Urban Trees as Triggers, From Istanbul to Oregon

Tear Gas in Istanbul Park Protest

As street protests spread across Turkey following an initial clash between police and demonstrators over the imperiled sycamore trees of Gezi Park (a rare green patch in the sprawl of central Istanbul), I was reminded of “If a Tree Falls,” the fine Oscar-nominated documentary on the roots of the Earth Liberation Front (Dot Earth coverage).

In the film, several members of that radical environmental group, which was behind a spate of arson fires and other crimes, say they were provoked to violence by a June 1, 1997, confrontation with police over the destruction of trees in downtown Eugene, Ore.

In Turkey, Prime Minister Recep Tayyip Erdogan has claimed he is “open hearted to anyone with democratic demands,” but actions seem to be speaking louder than words.

I asked Marshall Curry, the film’s director, to weigh in on urban trees and activism.

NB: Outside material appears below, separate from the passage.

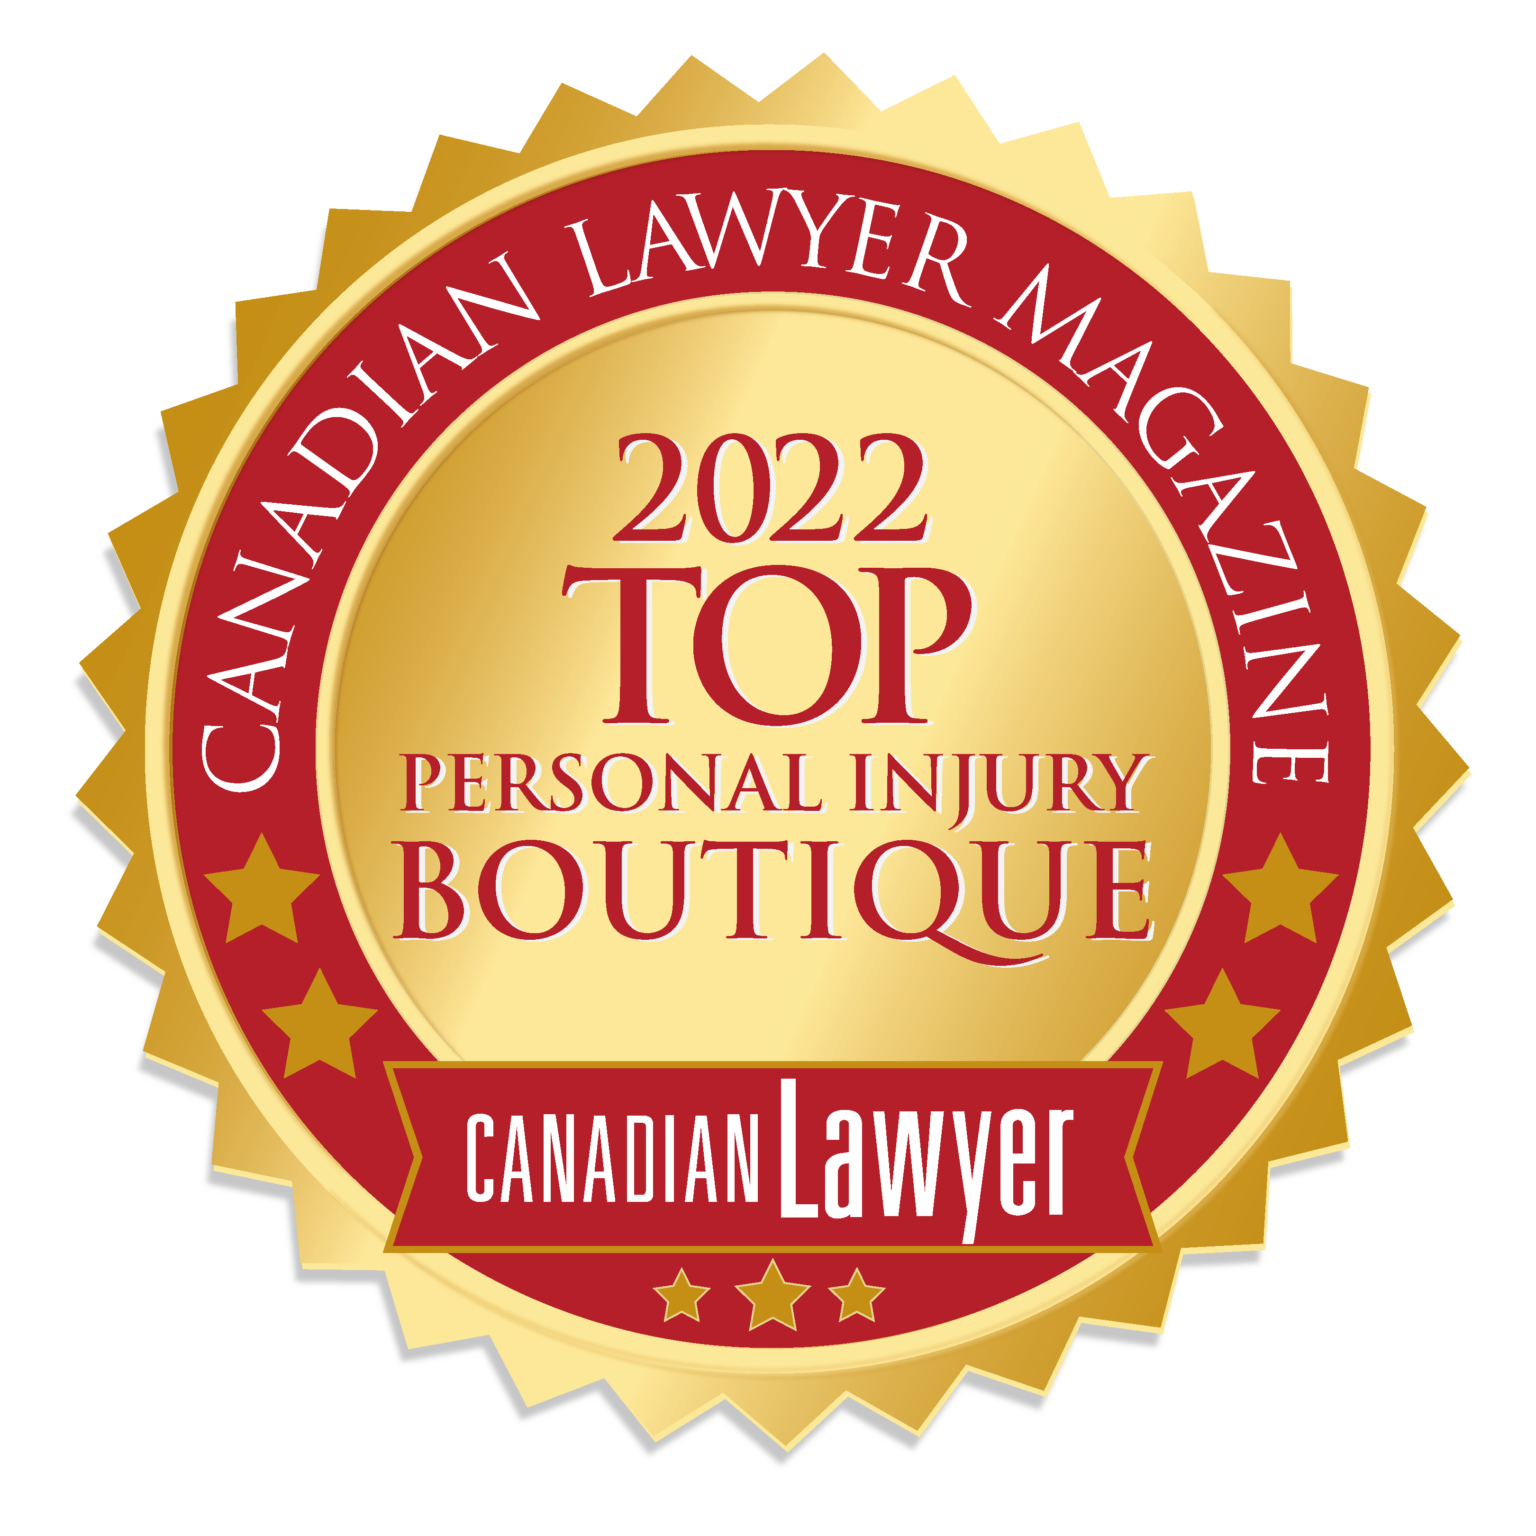 2022 Top Personal Injury Boutique

Read on for Curry’s “Your Dot” post, followed by an excerpt from a related piece by Carl Pope, the former executive director of the Sierra Club, which concludes, “There is something about a tree that should make an autocrat shiver.”

First, Marshall Curry:

Turkish Prime Minister Erdogan says his government is going to push ahead with the destruction of a park in Istanbul, the site of so much conflict in recent days. But I wonder whether the long term results of that decision will be what he hopes? The escalating situation there reminds me of how a small protest over a local park in Oregon helped set off a five-year wave of multimillion-dollar arsons, carried out by the Earth Liberation Front.

The story of that protest is chronicled in “If a Tree Falls: a Story of the Liberation Front,” which played in theaters and aired on PBS and the BBC.

In the summer of 1997, the city of Eugene, Ore., announced plans to cut down dozens of “heritage trees” and turn a local park into a parking garage. Activists began mobilizing to save the trees, but as they prepared to take up the issue at the next city council meeting, the city suddenly announced that it would cut the trees one day before that public hearing.

Protesters moved into the park and climbed into the trees, hoping to hold off the cutting until the city council could meet. But the next morning, police were ordered in. They went from tree to tree in a cherry picker, unleashing pepper spray and tear gas on the protesters.

The footage from the scene is chilling: at one tree, a protester who refused to come down has his pant legs cut by the police, so that they could shoot pepper spray at his genitals, as he hung from a limb 40 feet up. People swarmed the park, knocking down fences, getting arrested, but in the end, all of the trees were cut.

According to one local activist, the event radicalized the protesters. “The argument that you needed to work within the system was pretty well dashed by what the cops did on that day,” he says.

And, as the film chronicles, a number of those embittered tree-sitters went on to become part of the Earth Liberation Front — a radical group responsible for scores of arsons targeting timber companies, horse slaughterhouses, SUV dealerships, and a $12-million ski lodge in Vail, Colo.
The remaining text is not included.